THE CHRISTIAN HOUSE.
Plan of Pansa’s house, at Pompeii.
But the part of the city to which we wish to conduct our friendly reader is that known by the name of the Campus Martius. It comprised the flat alluvial plain between the seven hills of older Rome and the Tiber. Before the close of the republican period, this field, once left bare for the athletic and warlike exercises of the people, had begun to be encroached upon by public buildings. Pompey had erected in it his theatre; soon after, Agrippa raised the Pantheon and its adjoining baths. But gradually it became occupied by private dwellings; while the hills, in the early empire the aristocratic portion of the city, were seized upon for greater edifices. Thus the Palatine, after Nero’s fire, became almost too small for the Imperial residence and its adjoining Circus Maximus. The Esquiline was usurped by Titus’s baths, built on the ruins of the Golden House, the Aventine by Caracalla’s; and at the period of which we write, the Emperor Dioclesian was covering the space sufficient for many lordly dwellings, by the erection of his Thermæ[1] on the Quirinal, not far from Sallust’s garden, just alluded to.
The particular spot in the Campus Martius to which we will direct our steps, is one whose situation is so definite, that we can accurately describe it to any one acquainted with the topography of ancient or modern Rome. In republican times there was a large square space in the Campus Martius, surrounded by boarding, and divided into pens, in which the Comitia, or meetings of the tribes of the people, were held, for giving their votes. This was called the Septa, or Ovile, from its resemblance to a sheepfold. Augustus carried out a plan, described by Cicero in a letter to Atticus,[2] of transforming this homely contrivance into a magnificent and solid structure. The Septa Julia, as it was thenceforth called, was a splendid portico of 1000 by 500 feet, supported by columns, and adorned with paintings. Its ruins are clearly traceable; and it occupied the space now covered by the Doria and Verospi palaces (running thus along the present Corso), the Roman College, the Church of St. Ignatius, and the Oratory of the Caravita.

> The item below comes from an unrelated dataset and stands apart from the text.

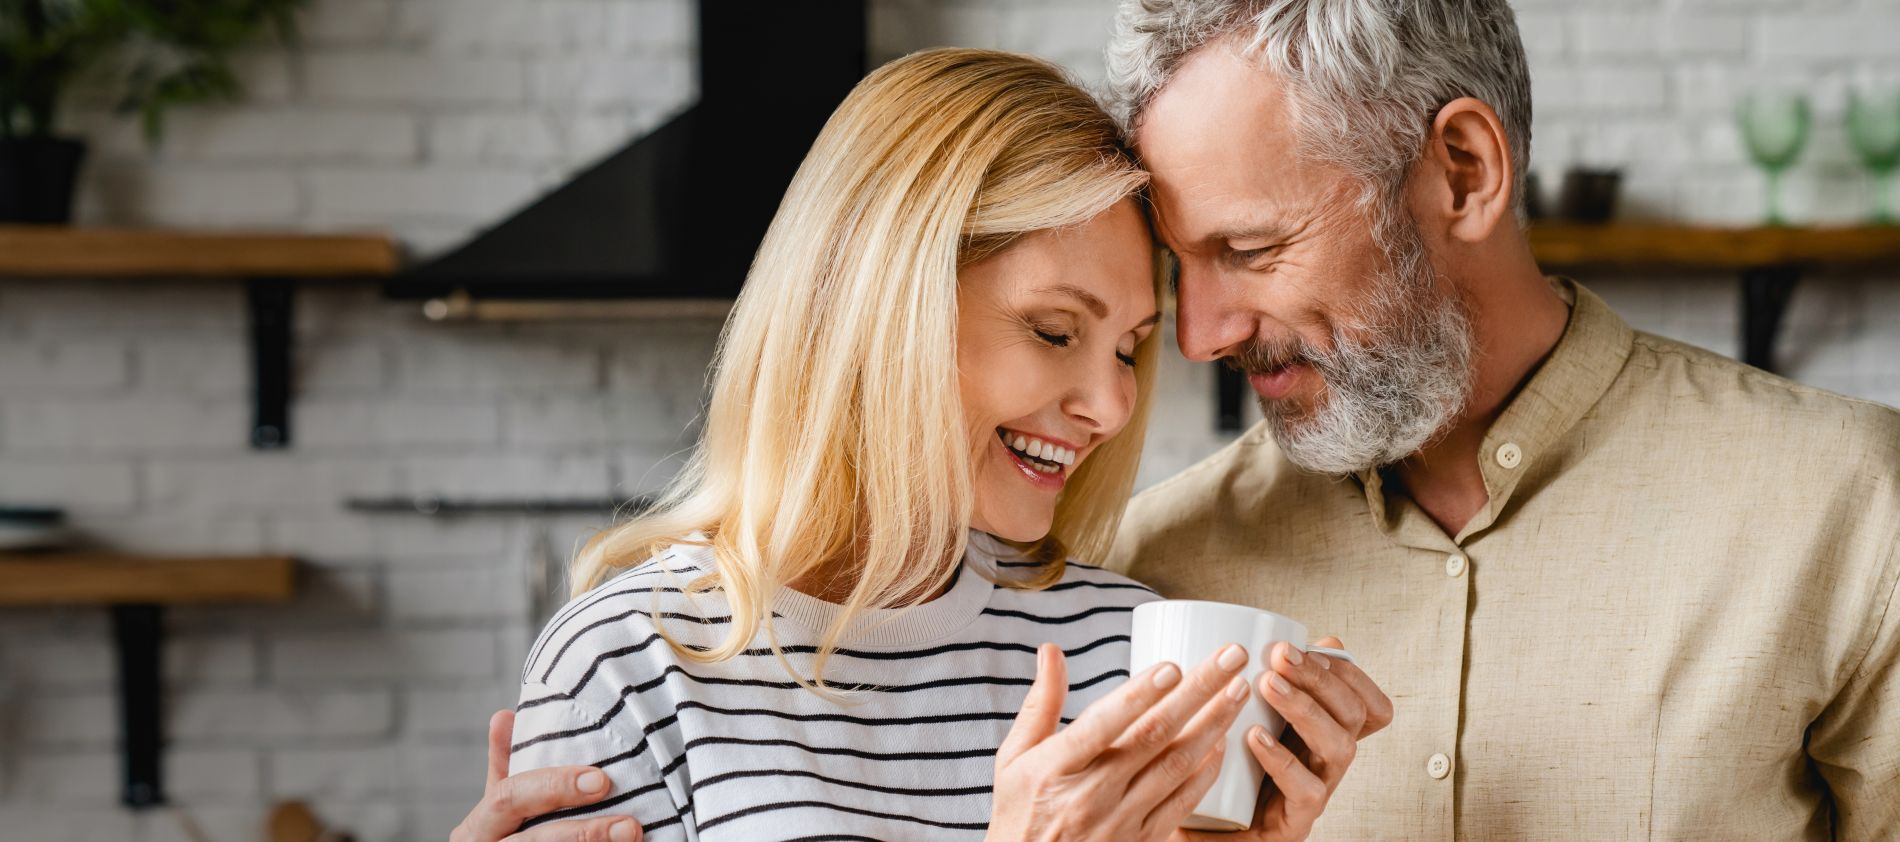 Кредит без истории пенсионерам на недвижимость

The house to which we invite our reader is exactly opposite, and on the east side of this edifice, including in its area the present church of St. Marcellus, whence it extended back towards the foot of the Quirinal hill. It is thus found to cover, as noble Roman houses did, a considerable extent of ground. From the outside it presents but a blank and dead appearance. The walls are plain, without architectural ornament, not high, and scarcely broken by windows. In the middle of one side of this quadrangle is a door, in antis, that is, merely relieved by a tympanum or triangular cornice, resting on two half columns. Using our privilege as “artists of fiction,” of invisible ubiquity, we will enter in with our friend, or “shadow,” as he would have been anciently called. Passing through the porch, on the pavement of which we read with pleasure, in mosaic, the greeting Salve, or Welcome, we find ourselves in the atrium, or first court of the house, surrounded by a portico or colonnade.[3]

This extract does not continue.